Datashape Overview

Datashape is a data layout language for array programming. It is designed to describe in-situ structured data without requiring transformation into a canonical form.

Similar to NumPy, datashape includes shape and dtype, but combined together in the type system.

Units

Single named types in datashape are called unit types. They represent either a dtype like int32 or datetime, or a single dimension like var.
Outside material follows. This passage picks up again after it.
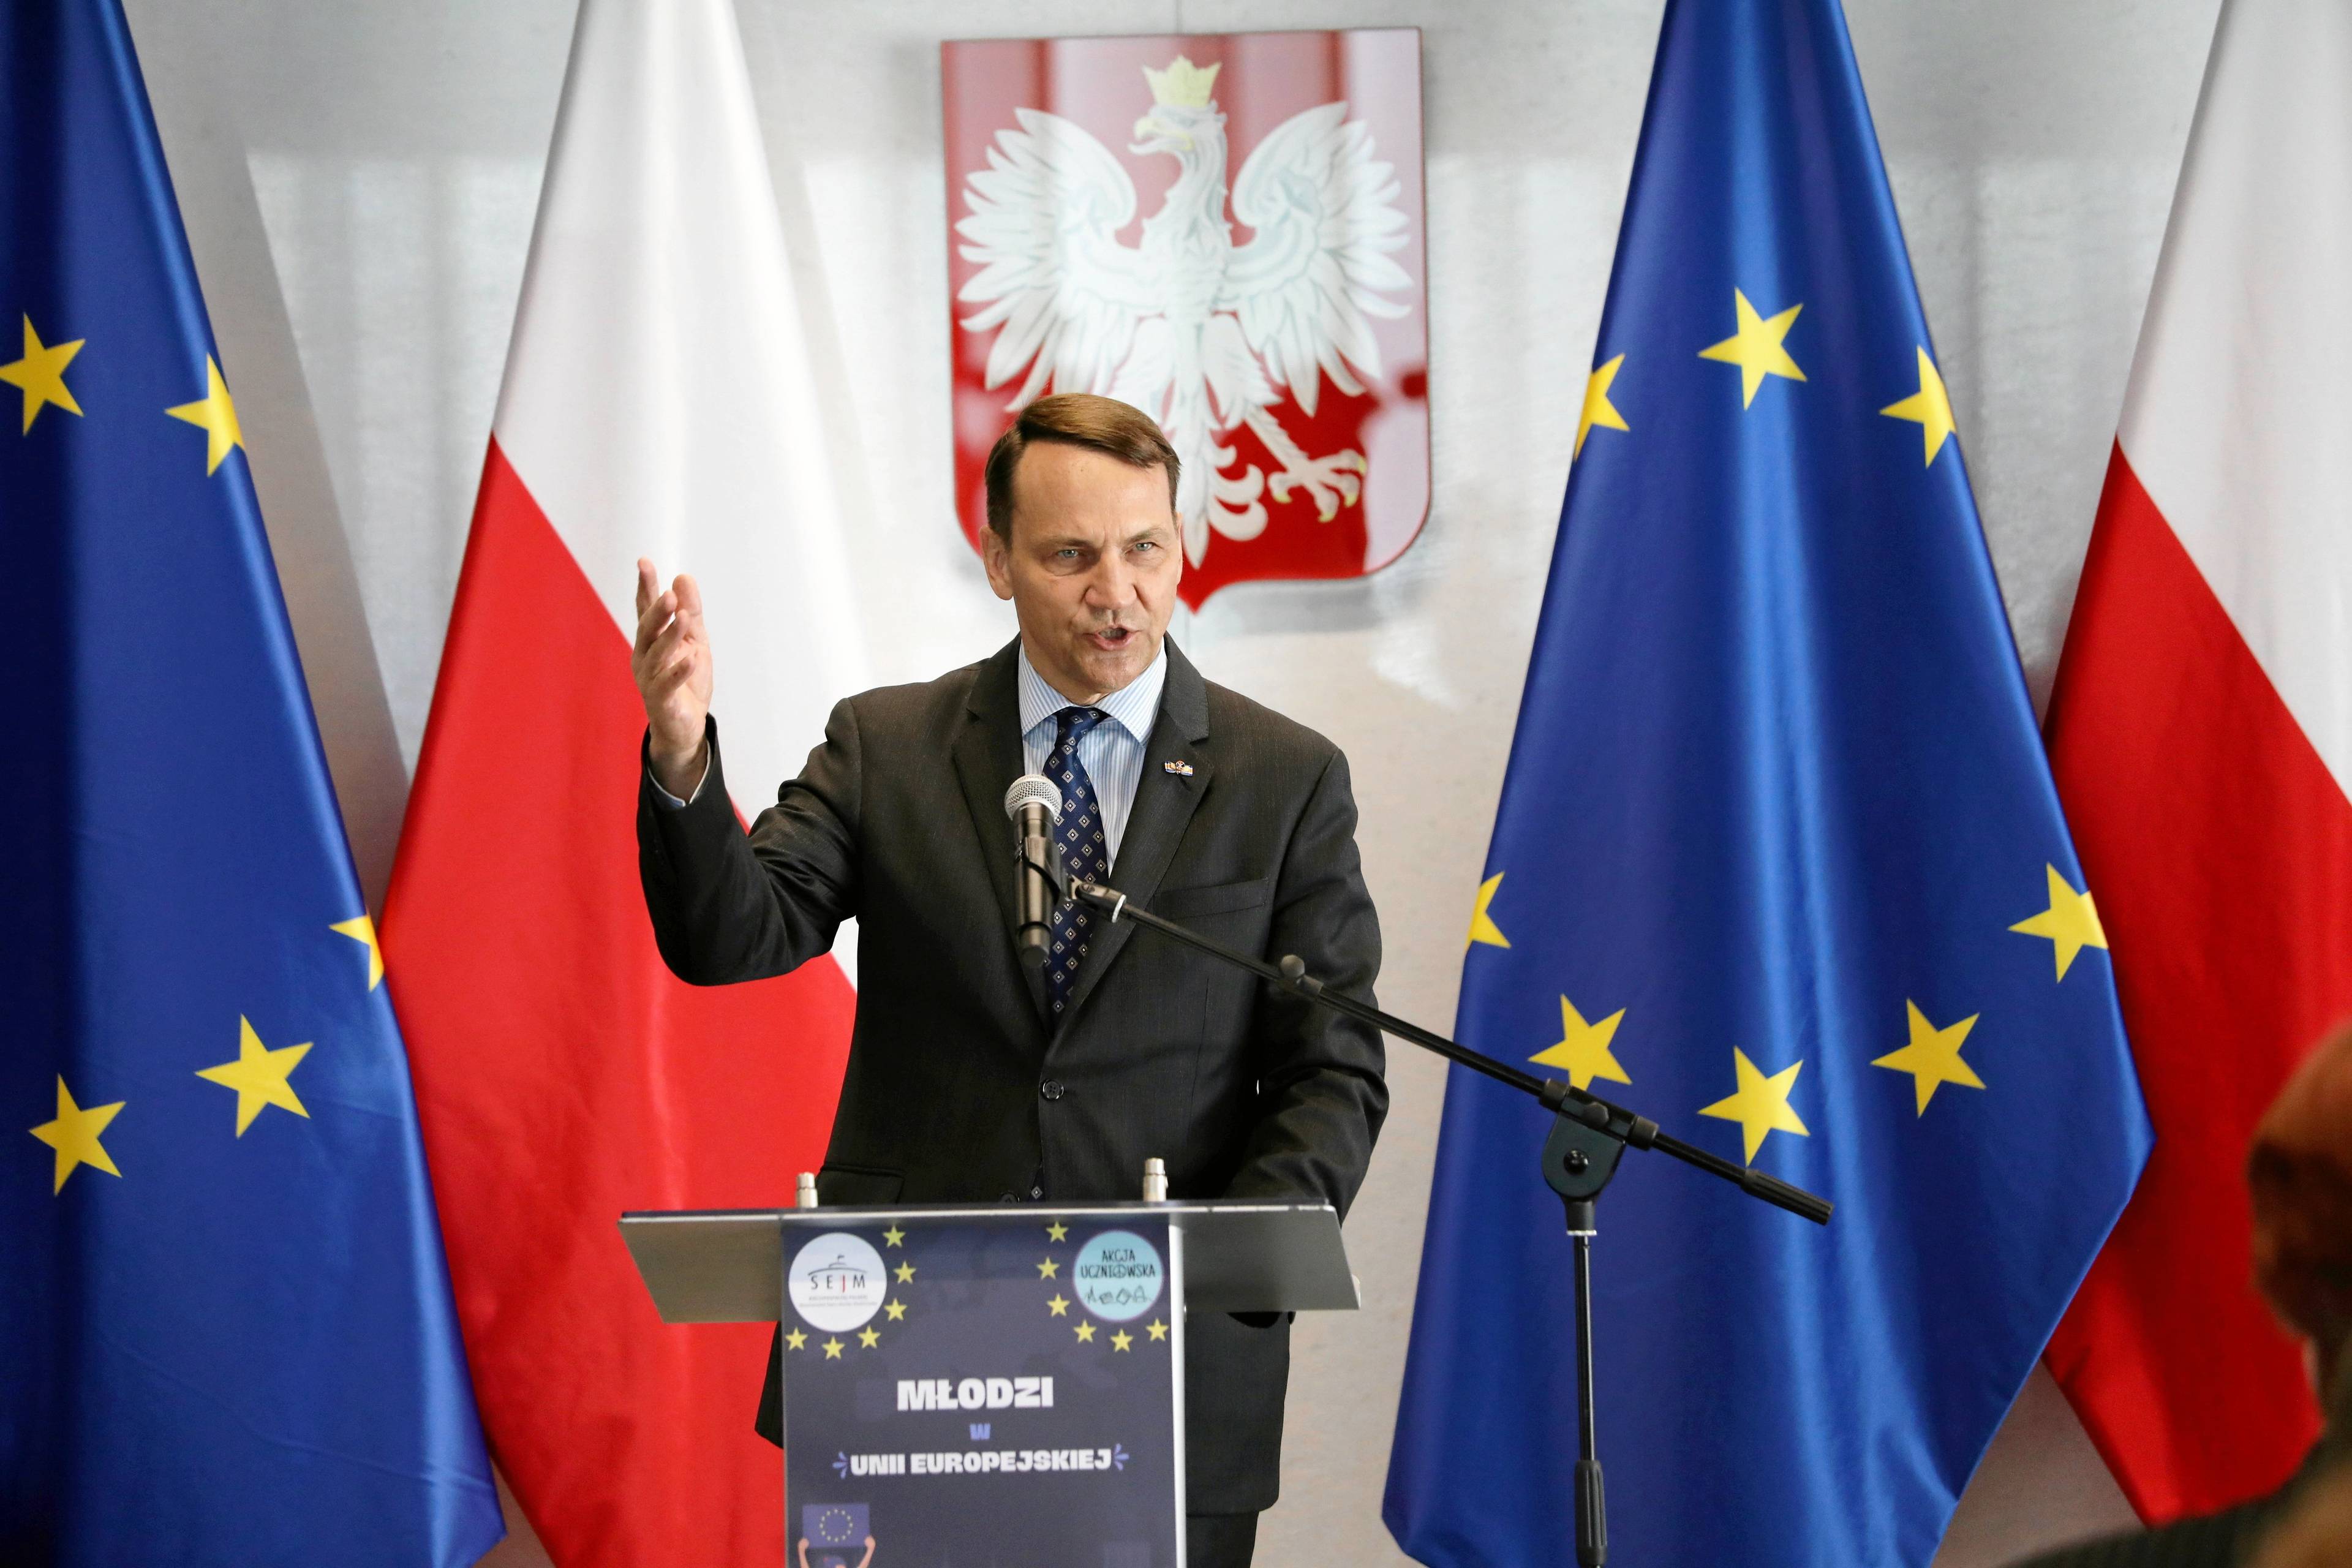 Polityk w garniturze z podniesioną ręką przemawia na tle flag Polski i Unii

Dimensions and a single dtype are composed together in a datashape type.

Primitive Types

DataShape includes a variety of dtypes corresponding to C/C++ types, similar to NumPy.

Bit type Description
bool Boolean (True or False) stored as a byte
int8 Byte (-128 to 127)
int16 Two’s Complement Integer (-32768 to 32767)
int32 Two’s Complement Integer (-2147483648 to 2147483647)
int64 Two’s Complement Integer (-9223372036854775808 to 9223372036854775807)
uint8 Unsigned integer (0 to 255)
uint16 Unsigned integer (0 to 65535)
uint32 Unsigned integer (0 to 4294967295)
uint64 Unsigned integer (0 to 18446744073709551615)
float16 Half precision float: sign bit, 5 bits exponent, 10 bits mantissa
float32 Single precision float: sign bit, 8 bits exponent, 23 bits mantissa
float64 Double precision float: sign bit, 11 bits exponent, 52 bits mantissa
complex[float32] Complex number, represented by two 32-bit floats (real and imaginary components)
complex[float64] Complex number, represented by two 64-bit floats (real and imaginary components)
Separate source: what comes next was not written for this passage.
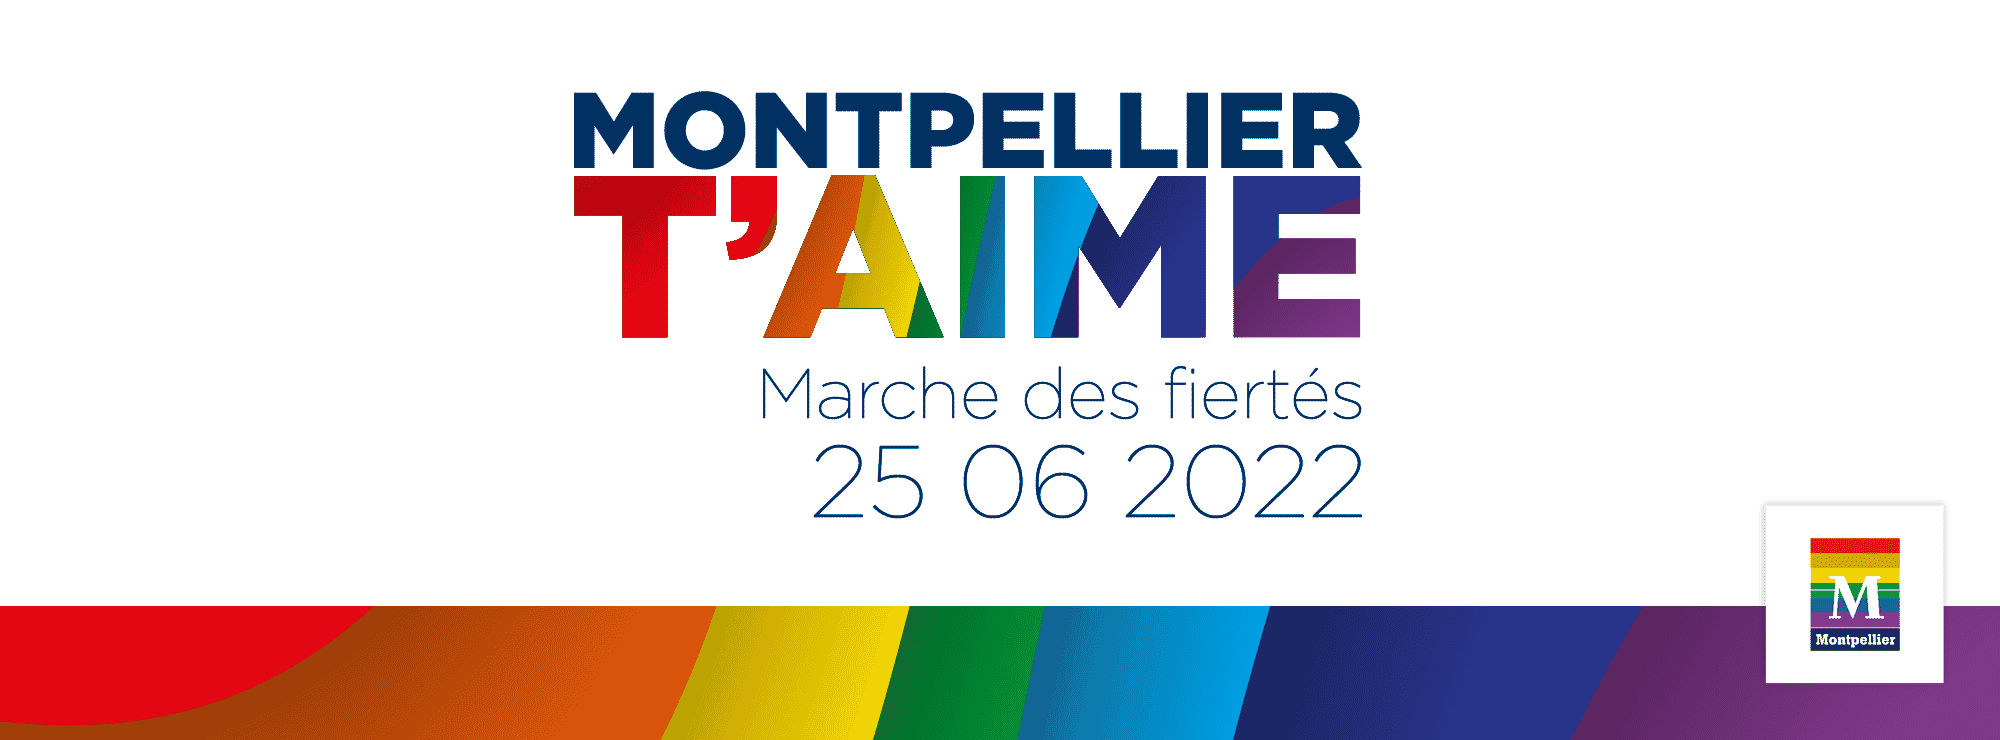 La Marche des fiertés se tient ce samedi 25 juin à Montpellier

Additionally, there are types which are not fully specified at the bit/byte level.

Bit type Description
string Variable length Unicode string.
bytes Variable length array of bytes.
json Variable length Unicode string which contains JSON.
date Date in the proleptic Gregorian calendar.
time Time not attached to a date.
datetime Point in time, combination of date and time.
units Associates physical units with numerical values.
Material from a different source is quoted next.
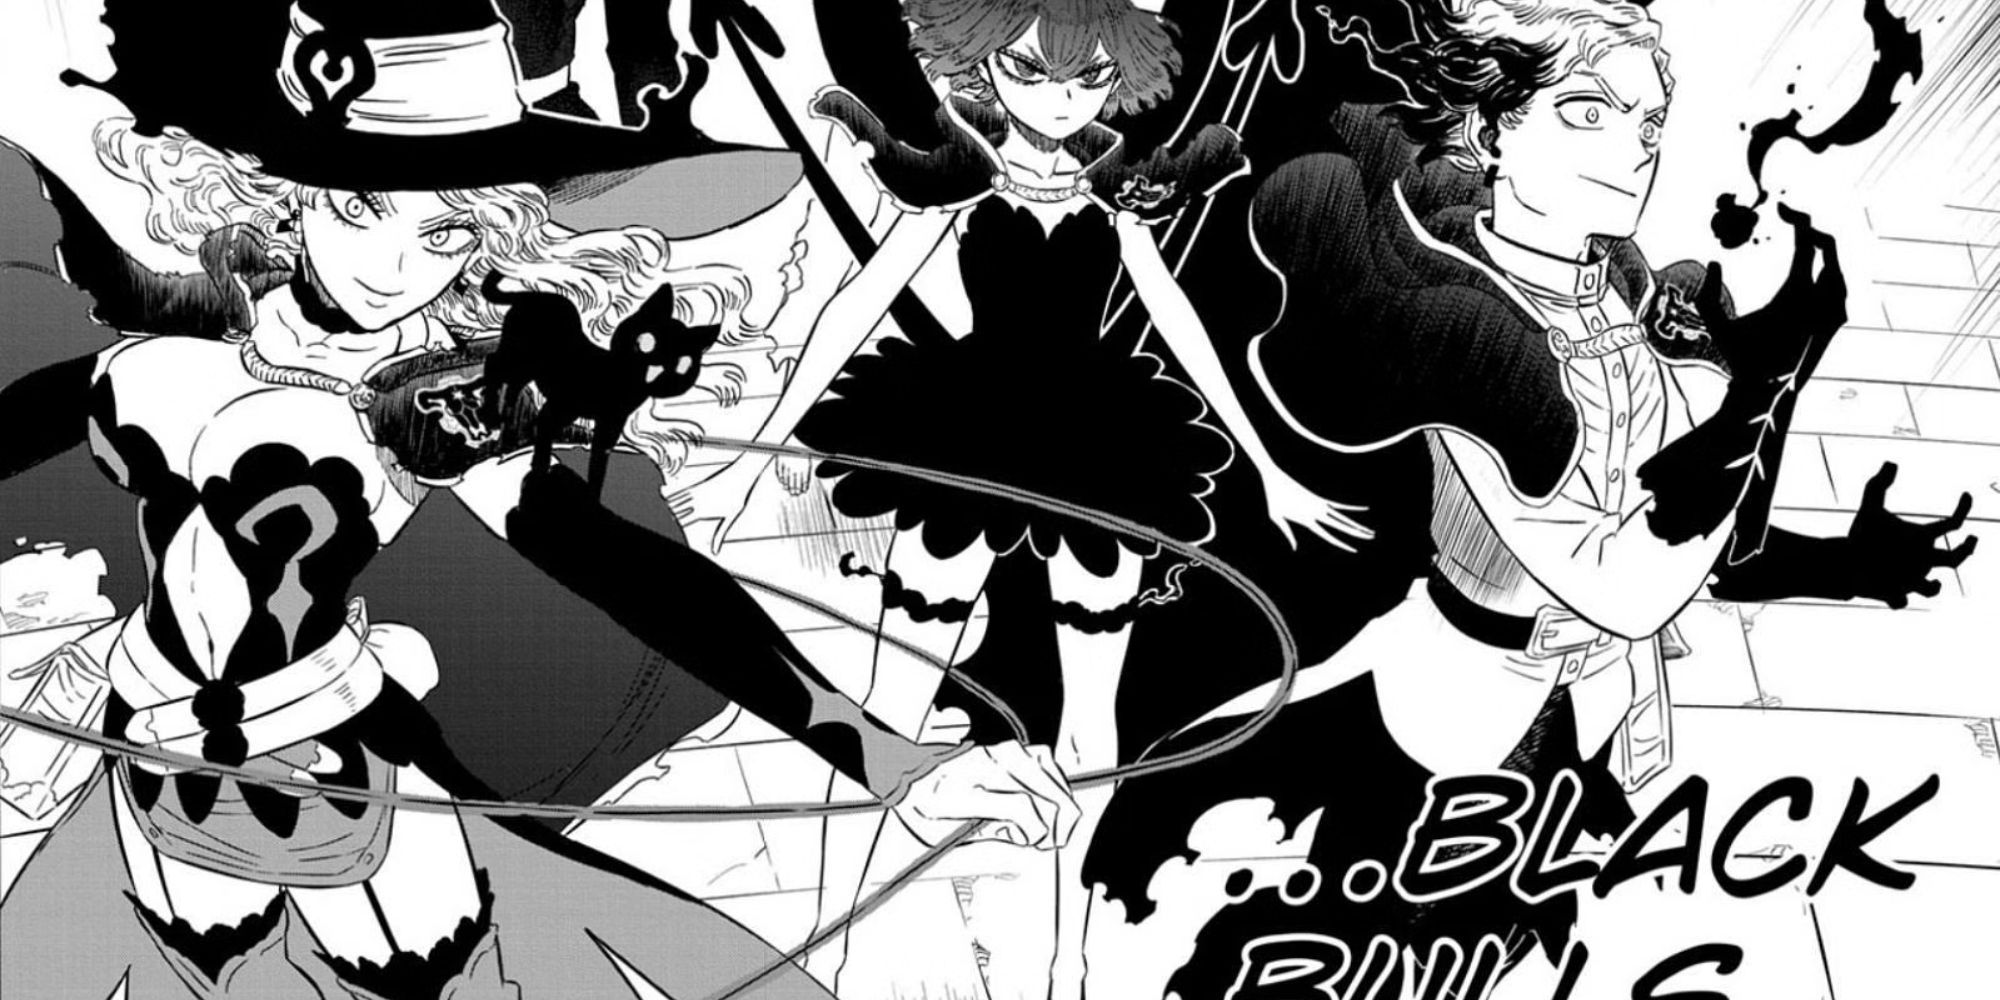 Black Clover Chapter 368 - Black Clover Manga Online

Many python types can be mapped to datashape types:

Python type Datashape
int int32
bool bool
float float64
complex complex[float64]
str string
unicode string
datetime.date date
datetime.time time
datetime.datetime datetime or datetime[tz=’<timezone>’]
datetime.timedelta units[‘microsecond’, int64]
bytes bytes
bytearray bytes
buffer bytes

String Types

To Blaze, all strings are sequences of unicode code points, following in the footsteps of Python 3. The default Blaze string atom, simply called “string”, is a variable-length string which can contain any unicode values. There is also a fixed-size variant compatible with NumPy’s strings, like string[16, "ascii"].

Dimensions

An asterisk (*) between two types signifies an array. A datashape consists of 0 or more dimensions followed by a dtype.

For example, an integer array of size three is:

3 * int

In this type, 3 is is a fixed dimension, which means it is a dimension whose size is always as given. Other dimension types include var.

Comparing with NumPy, the array created by np.empty((2, 3), 'int32') has datashape 2 * 3 * int32.

Records

Record types are ordered struct dtypes which hold a collection of types keyed by labels. Records look similar to Python dictionaries but the order the names appear is important.

Example 1:

{
    name   : string,
    age    : int,
    height : int,
    weight : int
}

Example 2:

{
    r: int8,
    g: int8,
    b: int8,
    a: int8
}

Records are themselves types declaration so they can be nested, but cannot be self-referential:

Example 2:

{
    a: { x: int, y: int },
    b: { x: int, z: int }
}

Datashape Traits

While datashape is a very general type system, there are a number of patterns a datashape might fit in.

Tabular datashapes have just one dimension, typically fixed or var, followed by a record containing only simple types, not nested records. This can be intuitively thought of as data which will fit in a SQL table.:

var * { x : int, y : real, z : date }

Homogenous datashapes are arrays that have a simple dtype, the kind of data typically used in numeric computations. For example, a 3D velocity field might look like:

100 * 100 * 100 * 3 * real

Type Variables

Type variables are a separate class of types that express free variables scoped within type signatures. Holding type variables as first order terms in the signatures encodes the fact that a term can be used in many concrete contexts with different concrete types.

For example the type capable of expressing all square two dimensional matrices could be written as a datashape with type variable A, constraining the two dimensions to be the same:

A * A * int32

A type capable of rectangular variable length arrays of integers can be written as two free type vars:

A * B * int32

Note

Any name beginning with an uppercase letter is parsed as a symbolic type (as opposed to concrete). Symbolic types can be used both as dimensions and as data types.

Option

An option type represents data which may be there or not. This is like data with NA values in R, or nullable columns in SQL. Given a type like int, it can be transformed by prefixing it with a question mark as ?int, or equivalently using the type constructor option[int]

For example a 5 * ?int array can model the Python data:

[1, 2, 3, None, None, 4]